If the portable terminal 1 does not store a head-related transfer function corresponding to the same position as the sound source position information included in the audio data, a plurality of head-related transfer functions corresponding to position information close to the position indicated by the sound source position information may be stored. Panning may be performed using a transfer function. For example, if the sound source position information is in the direction of 45 degrees to the right front (when the front direction is 0 degrees), the mobile terminal 1 reads two head-related transfer functions of 60 degrees to the front right and 30 degrees to the front right. . The mobile terminal 1 convolves the two head-related transfer functions with the audio signal. As a result, the user 5 listens to the sound of the same sound source at the same volume from the two directions of 60 degrees to the front right and 30 degrees to the front right, and thus obtains a sense of localization of the sound image in the direction of 45 degrees to the front right. In addition, the mobile terminal 1 convolves a plurality of head-related transfer functions into the audio signal, and performs panning processing for adjusting the volume balance of each audio signal after convolution, so that the head corresponding to the same position as the sound source position information. Even if the transfer function is not stored, the sound image can be localized at an appropriate position. The processing described above is an example of the processing of the head-related transfer function.

By the way, when the headphones 2 are used and the sound image is localized using the head-related transfer function, it is sometimes difficult to localize the sound image. For example, when using the headphones 2, as shown in FIG. 2, if the sound source is included in an area A1 (for example, position P1) in front of the parietal direction of the user 5, localization of the sound image becomes difficult. In particular, when the sound source is included in an area A1 in front of the parietal direction of the user 5 as shown in FIG. Orientation also affects vision. Since the sound image localization by the head-related transfer function is a virtual localization, the user 5 cannot actually see the object corresponding to the sound source in the area A1. Therefore, even when the sound source is located in the area A1, the user 5 may not be able to perceive the sound image of the sound source existing in the area A1 and may perceive it as the headphone (head) position.

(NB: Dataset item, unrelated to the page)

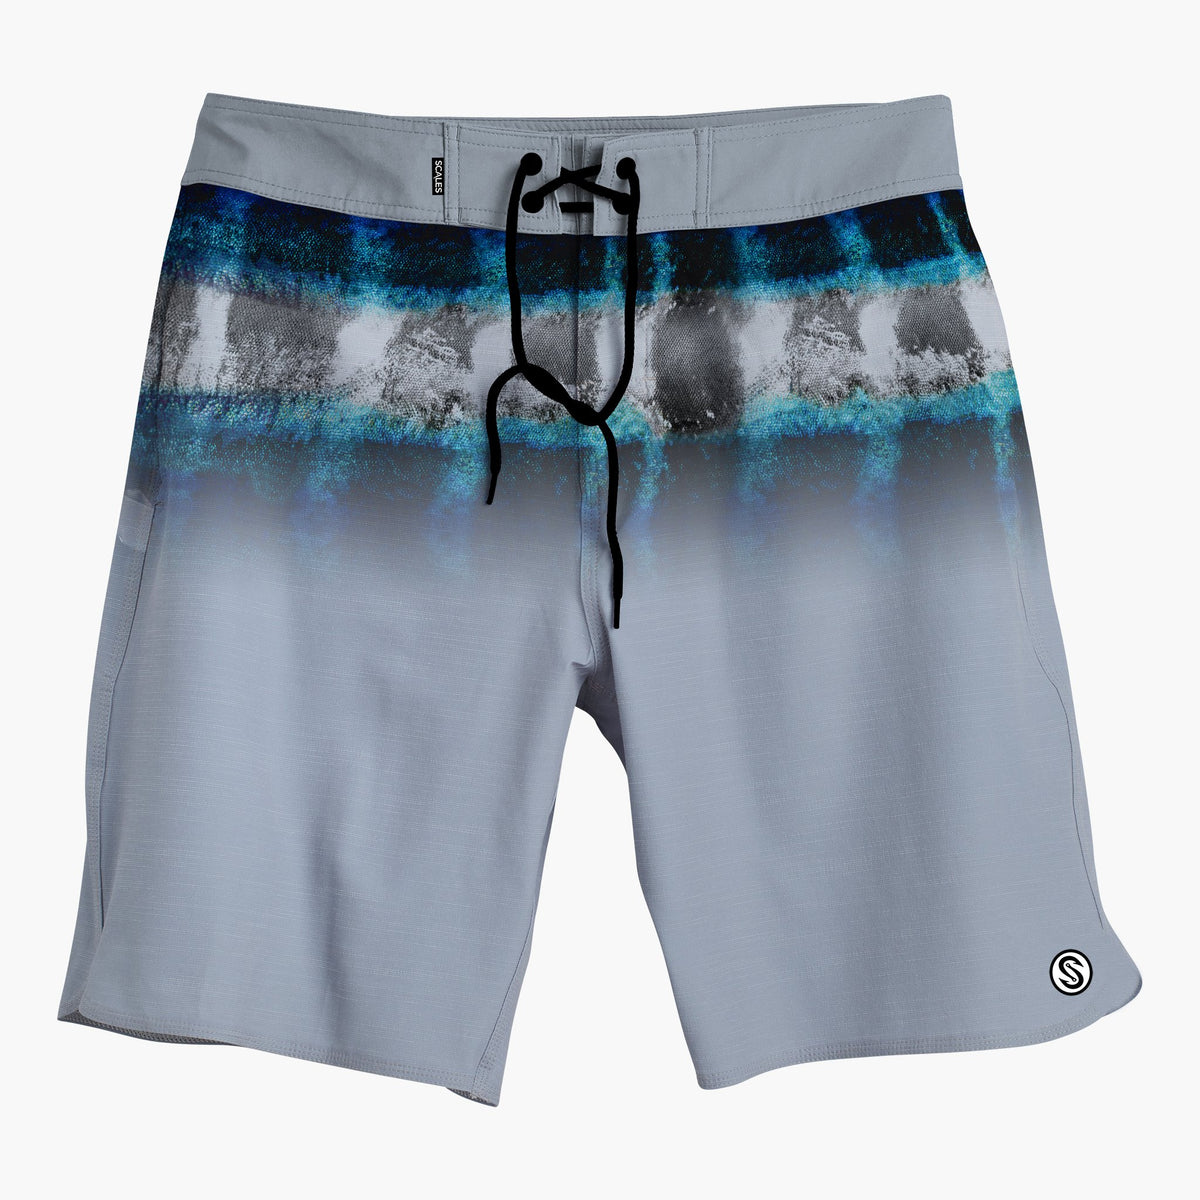 SCALES Hoo Stripes First Mates Boardshorts
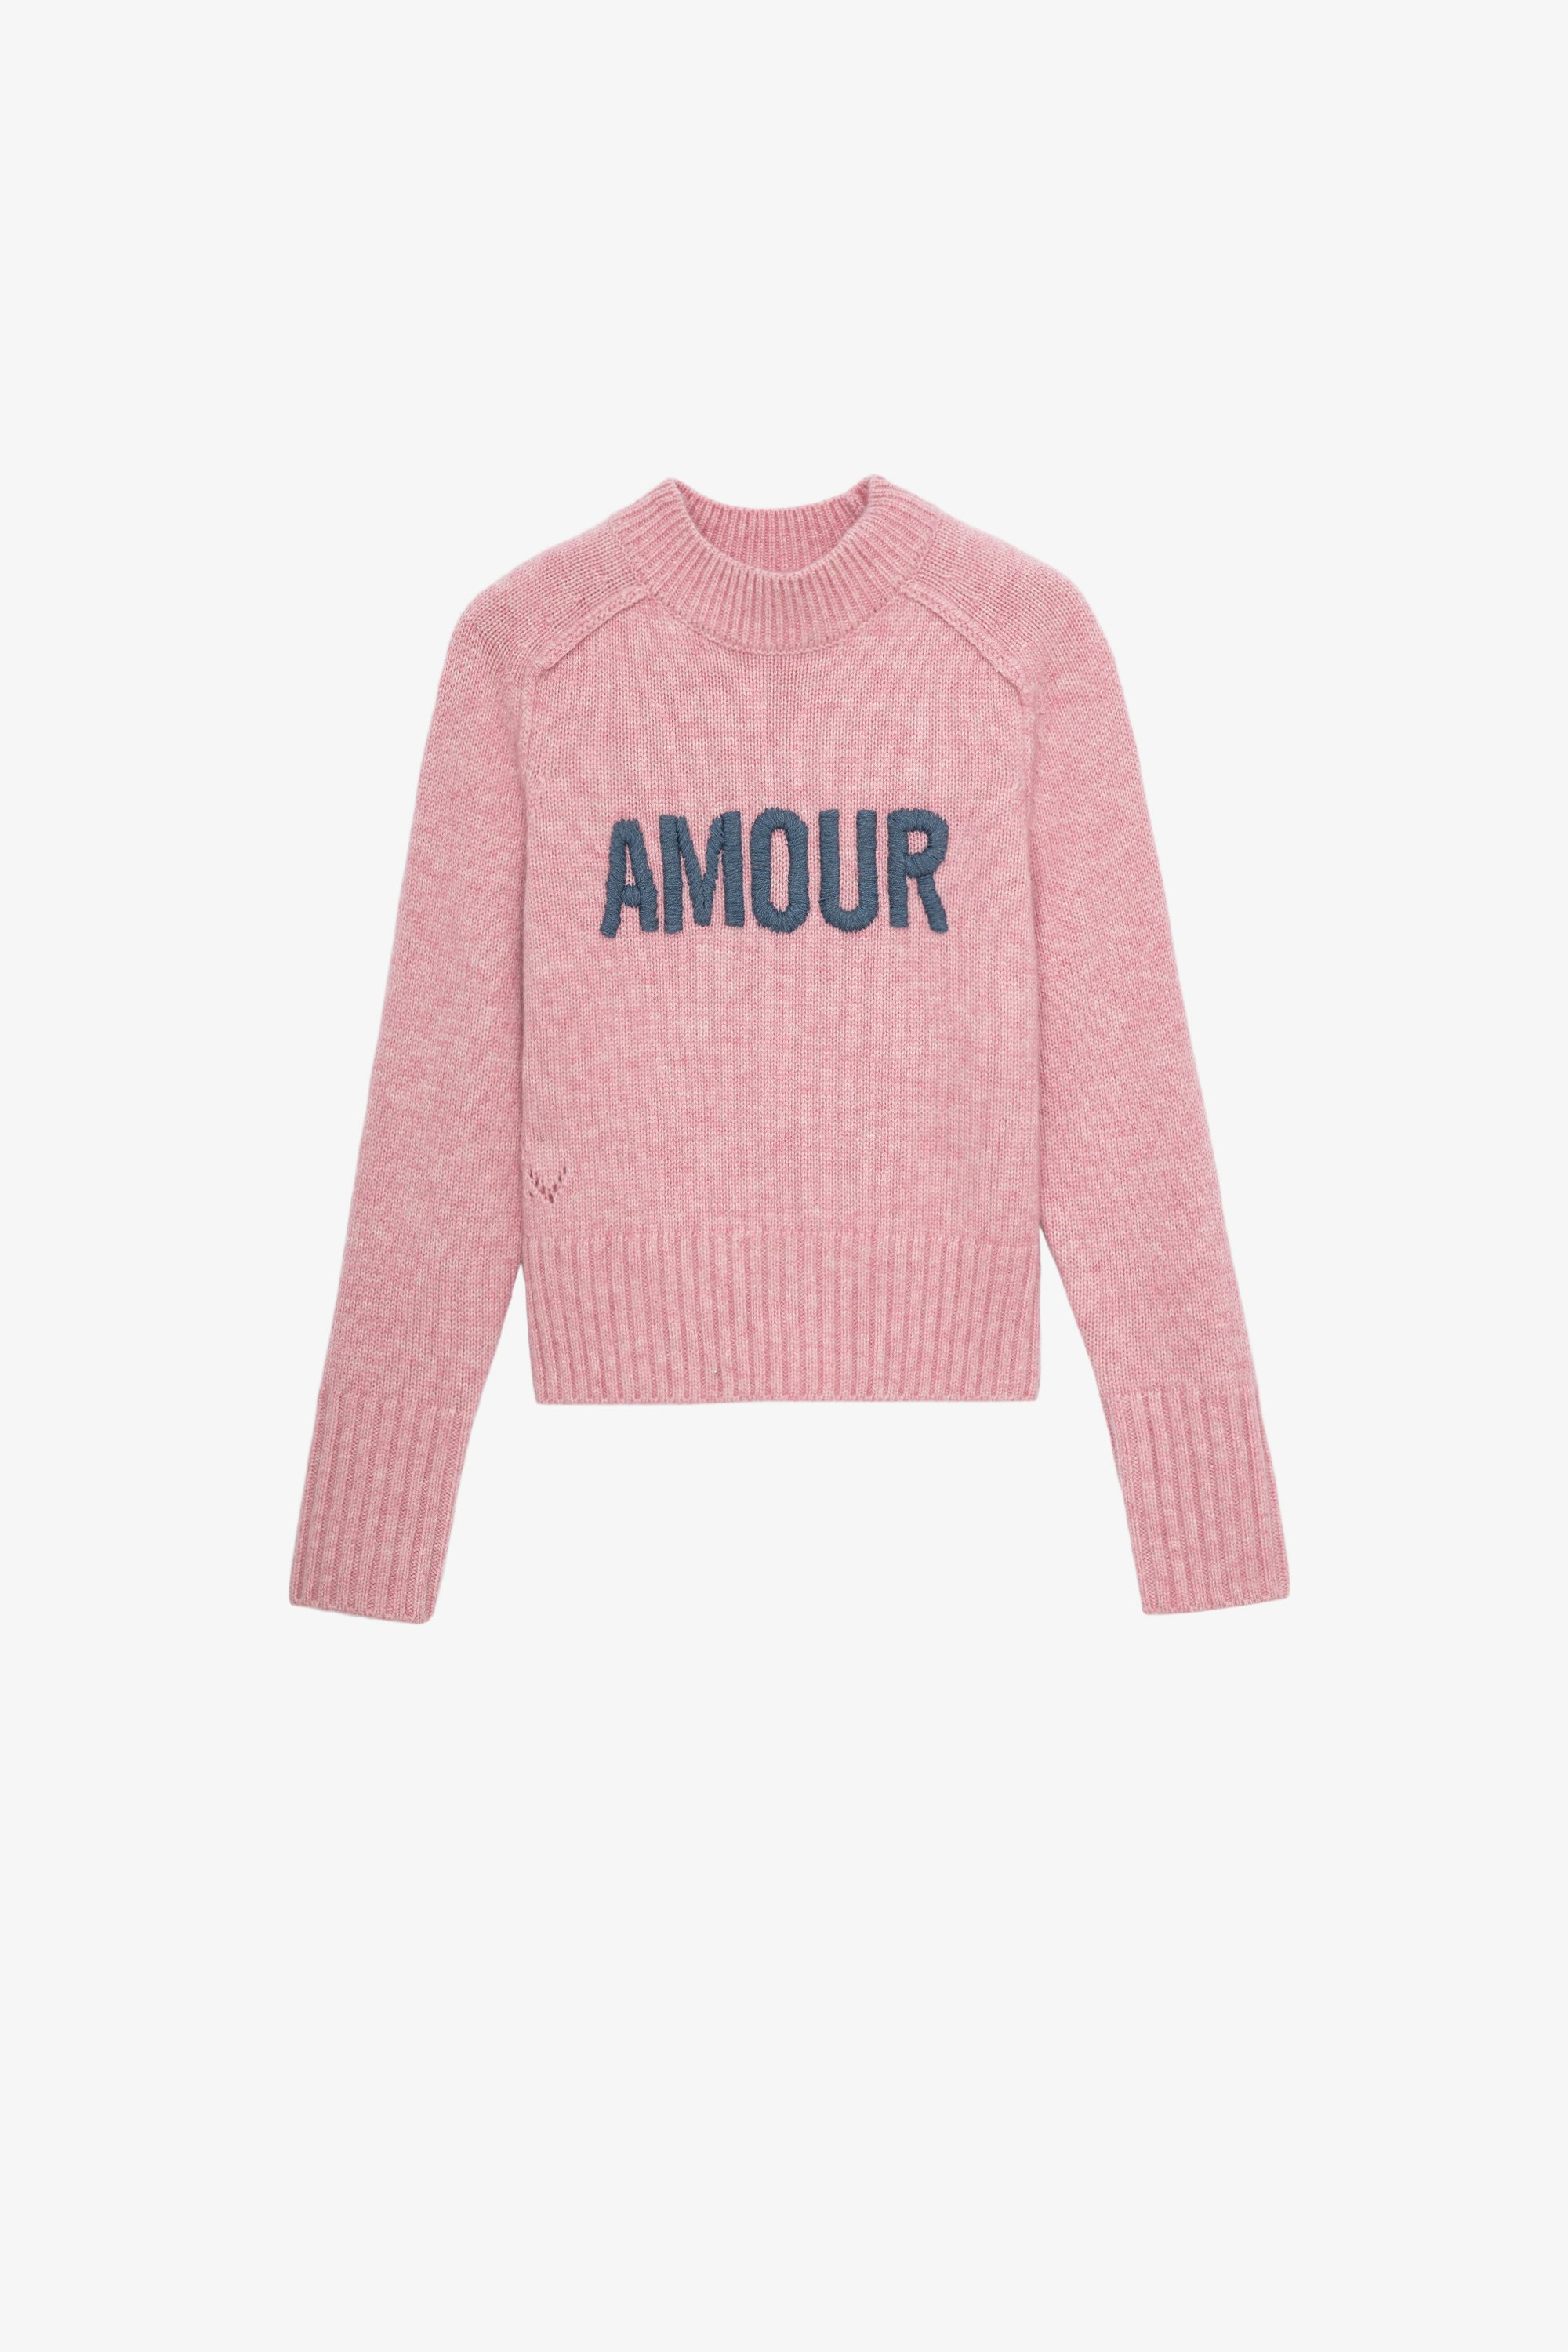 Milan Children’s ニット Children’s pink long-sleeve knitted jumper with contrasting “Love” message

In such a case, the audio system 100 causes the speaker in front of the user 5 to emit sound. The speaker 3 actually emits the sound of the sound source from a distant position in front of the user 5 . This allows the user 5 to perceive the sound image of the sound source at a distant position in front. Therefore, the audio system 100 of the present embodiment can improve the sense of localization by supplementing the "frontal localization" and the "sense of distance" with the speakers 3, which are difficult to obtain with the head-related transfer function.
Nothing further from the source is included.